__Directions__
What you give back should be exactly the lines from the one with "Emile Henry Bread Cloche in Linen" through the end of the data, without the pictures.

__Data excerpt__
>>>>

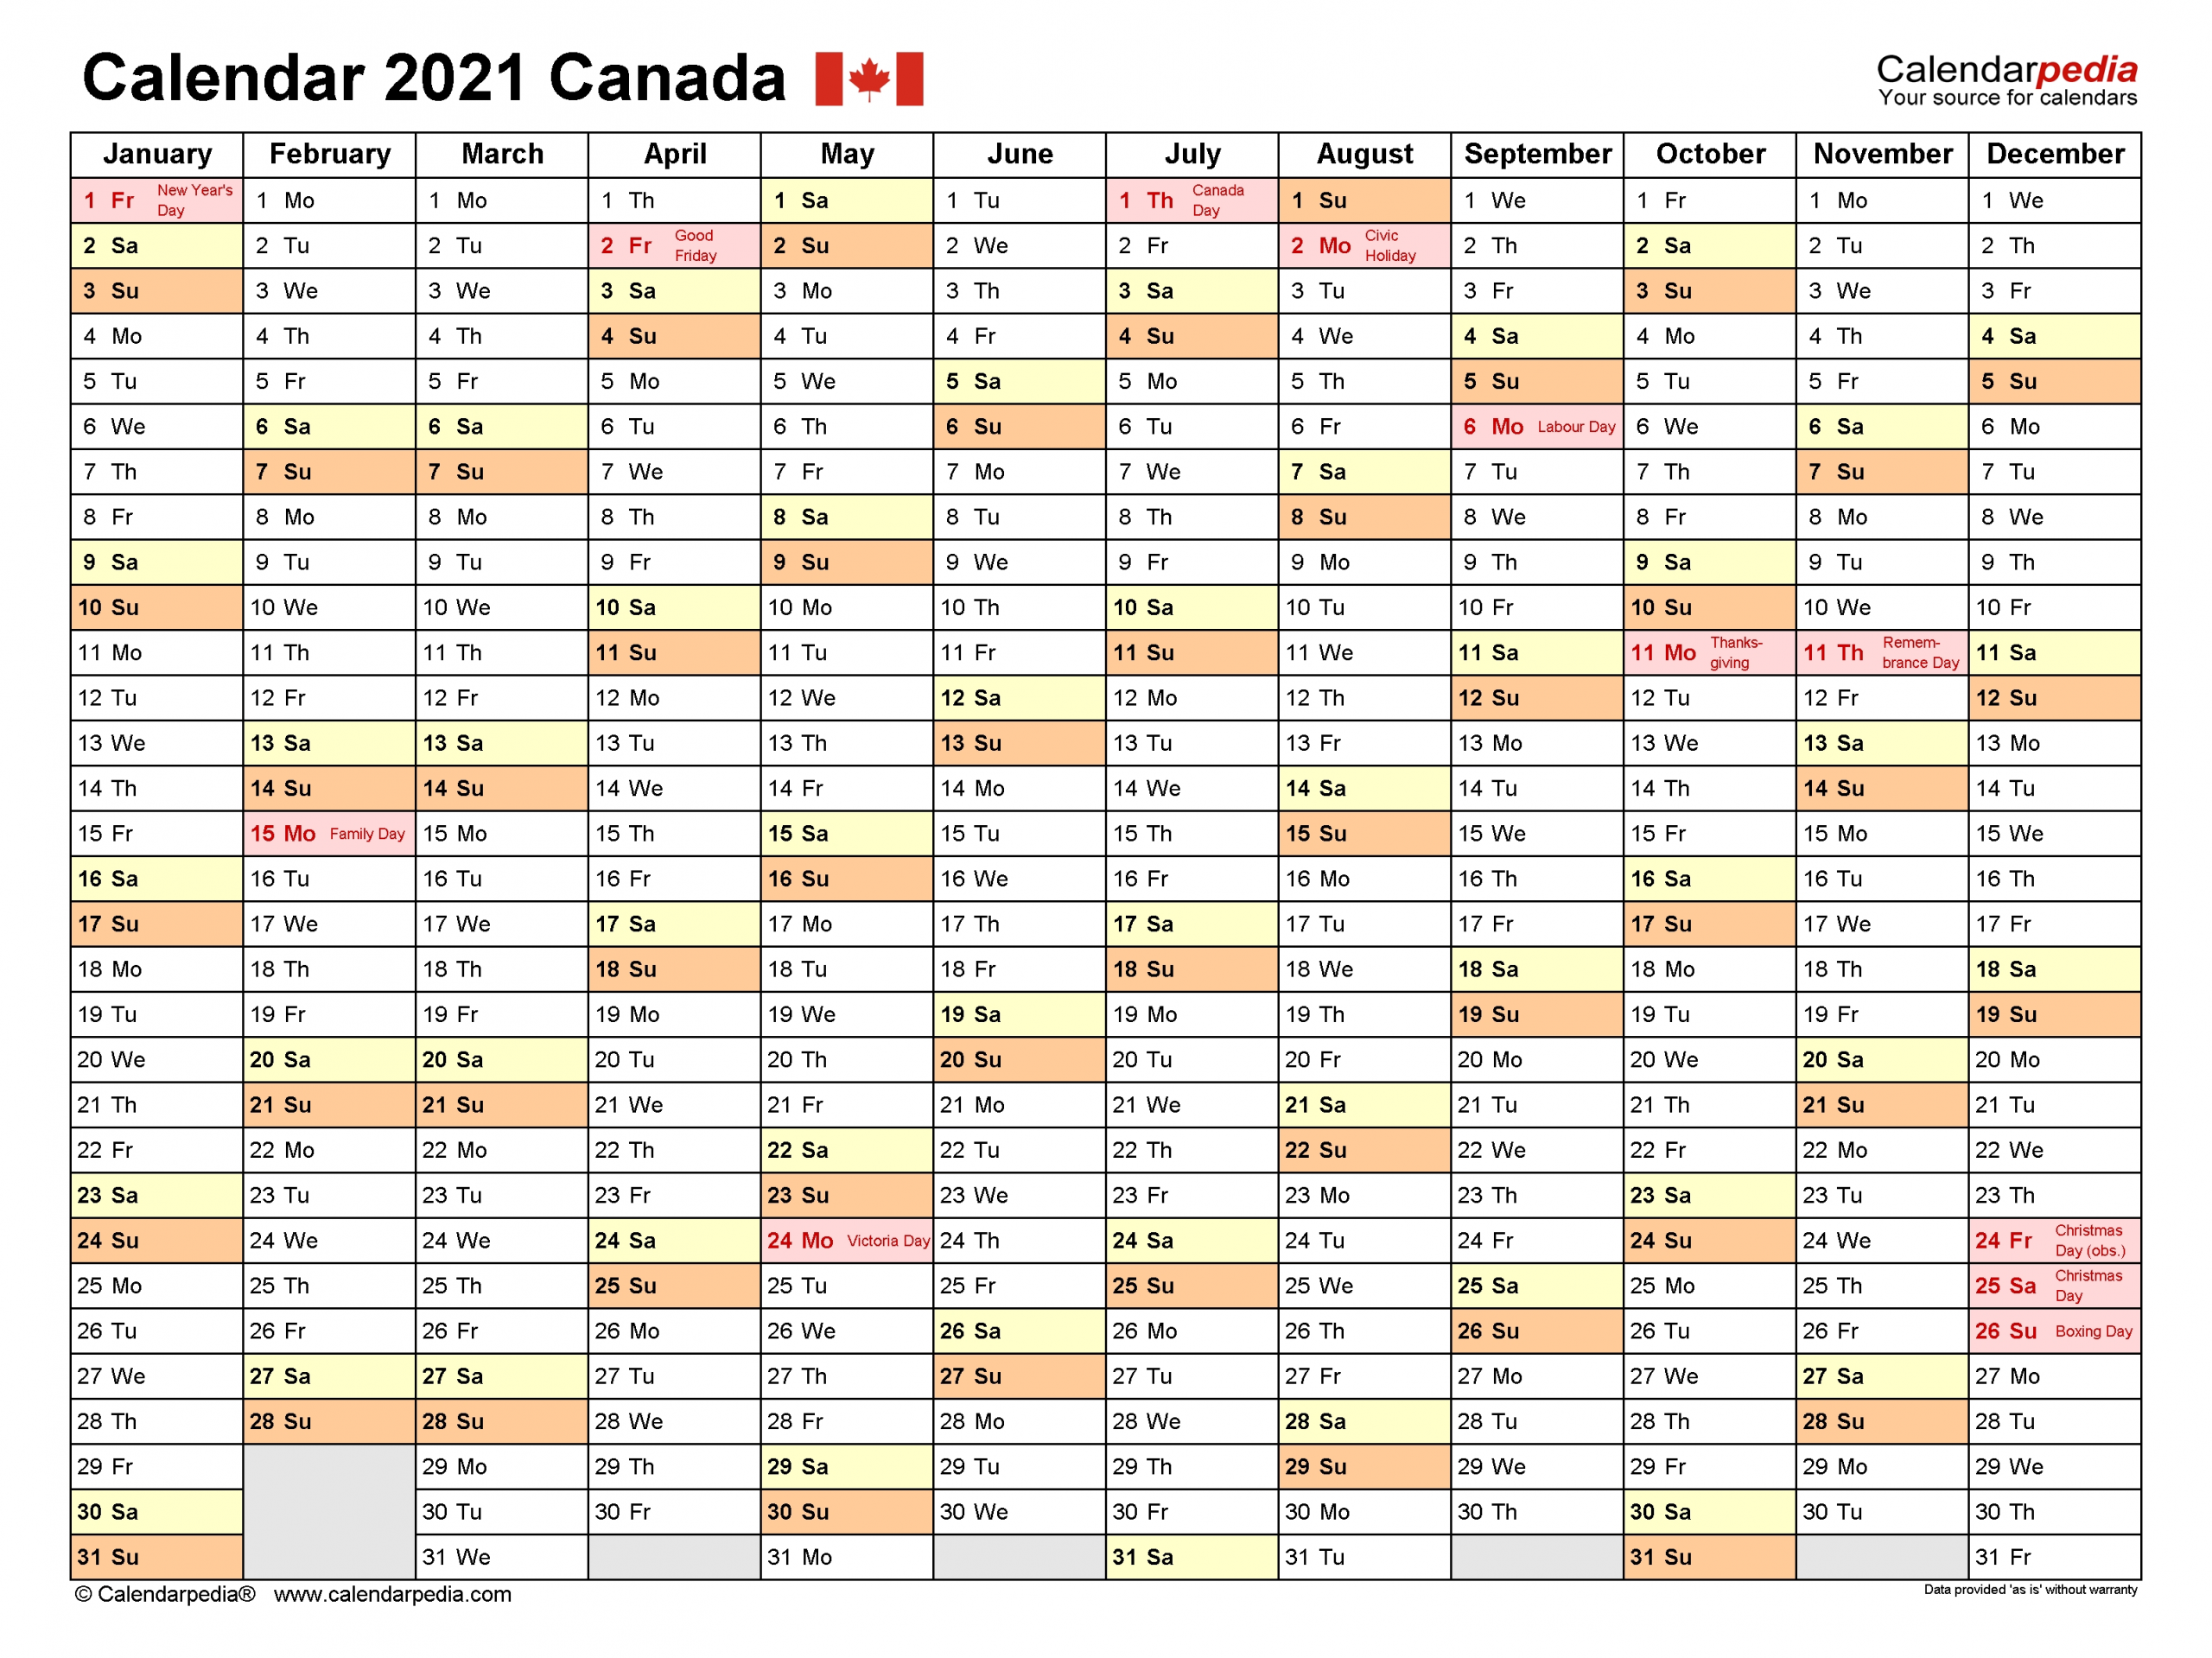 Canada Calendar 2021 - Free Printable Excel Templates-Printable Employee Vacation Calendar 2021
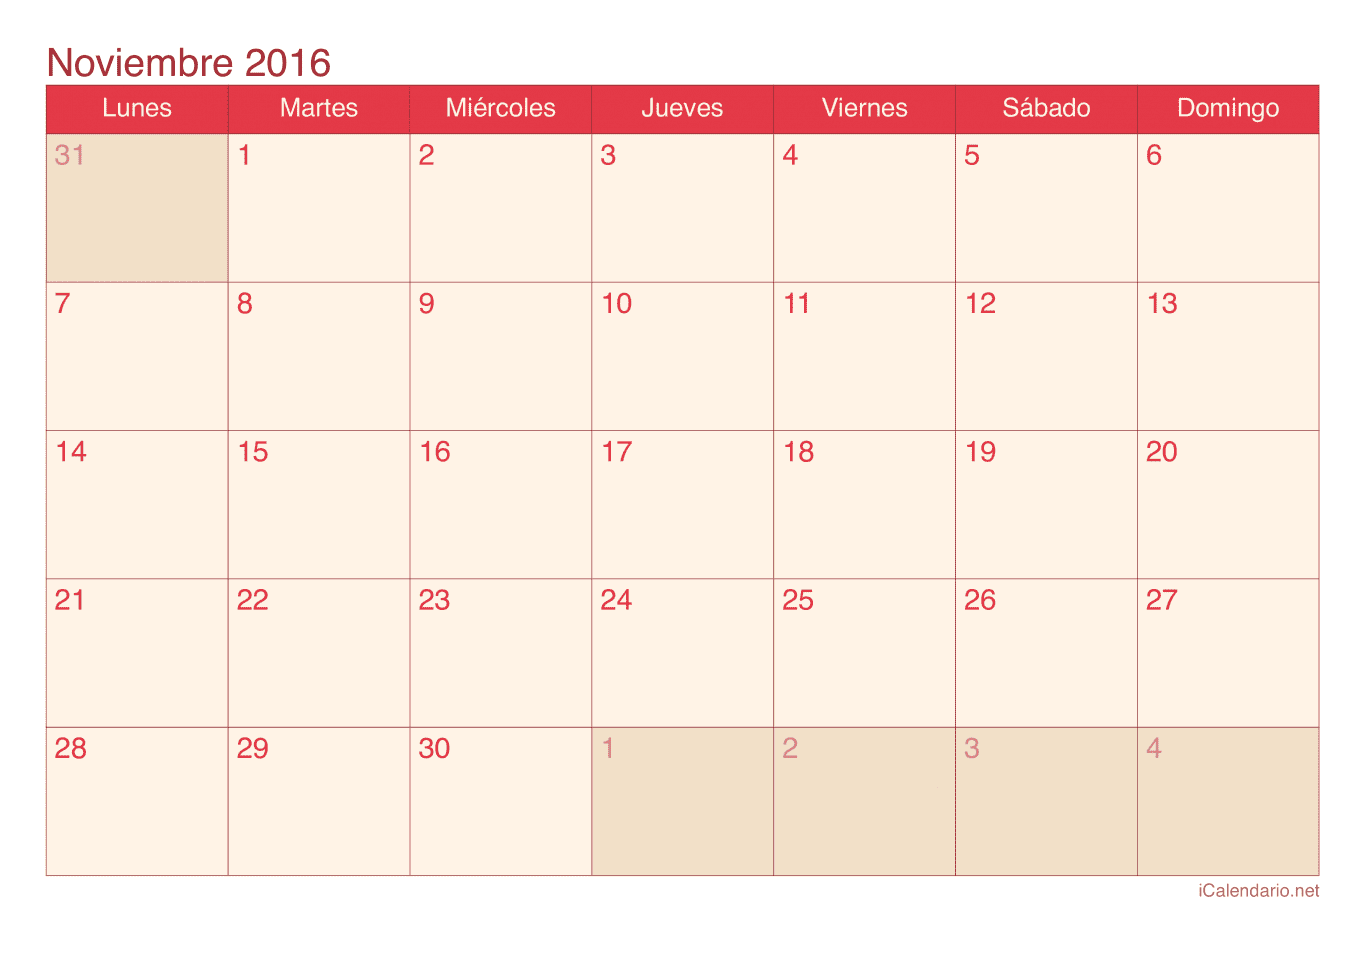 Calendario de noviembre 2016 - Cherry
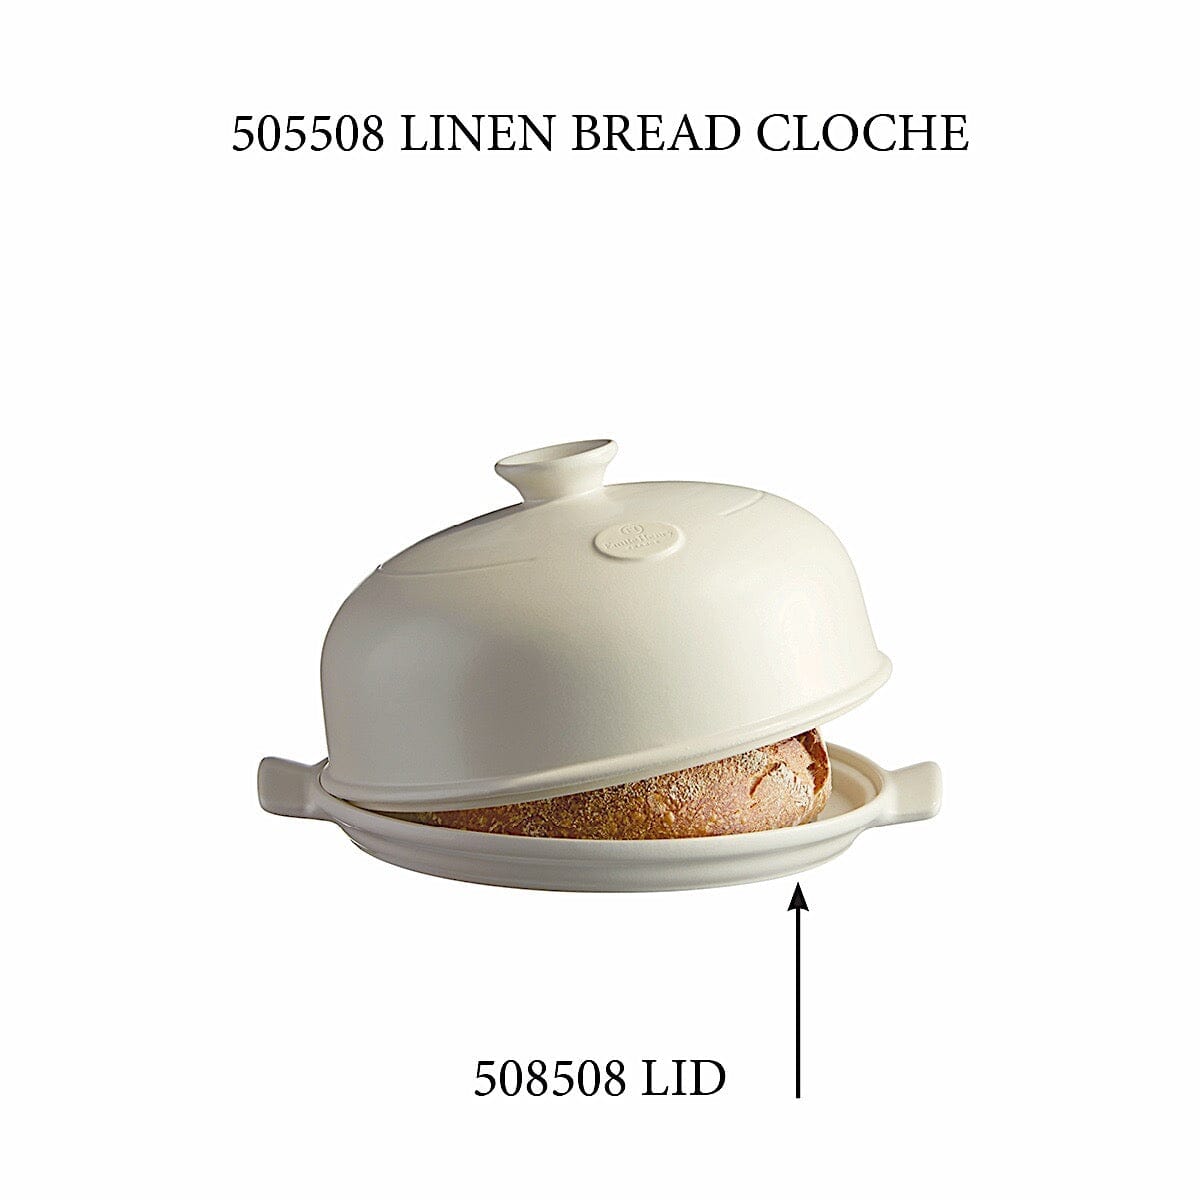 Emile Henry Bread Cloche in Linen
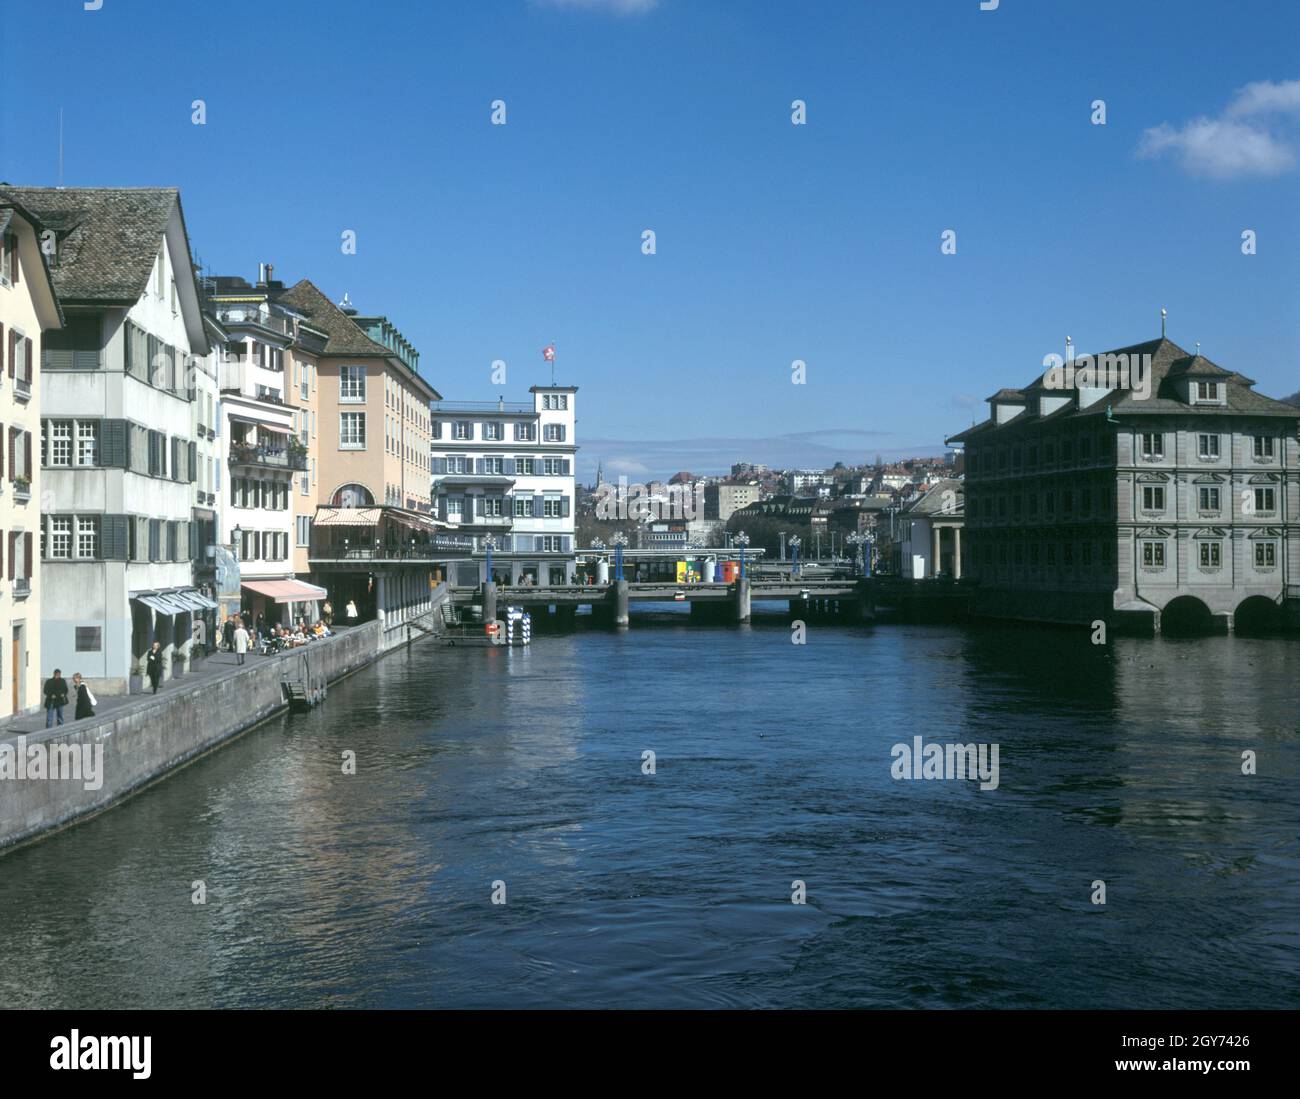 The Limmat River in Zurich Switzerland Stock Photo

<<<<

__Exercise result__
 Emile Henry Bread Cloche in Linen
 The Limmat River in Zurich Switzerland Stock Photo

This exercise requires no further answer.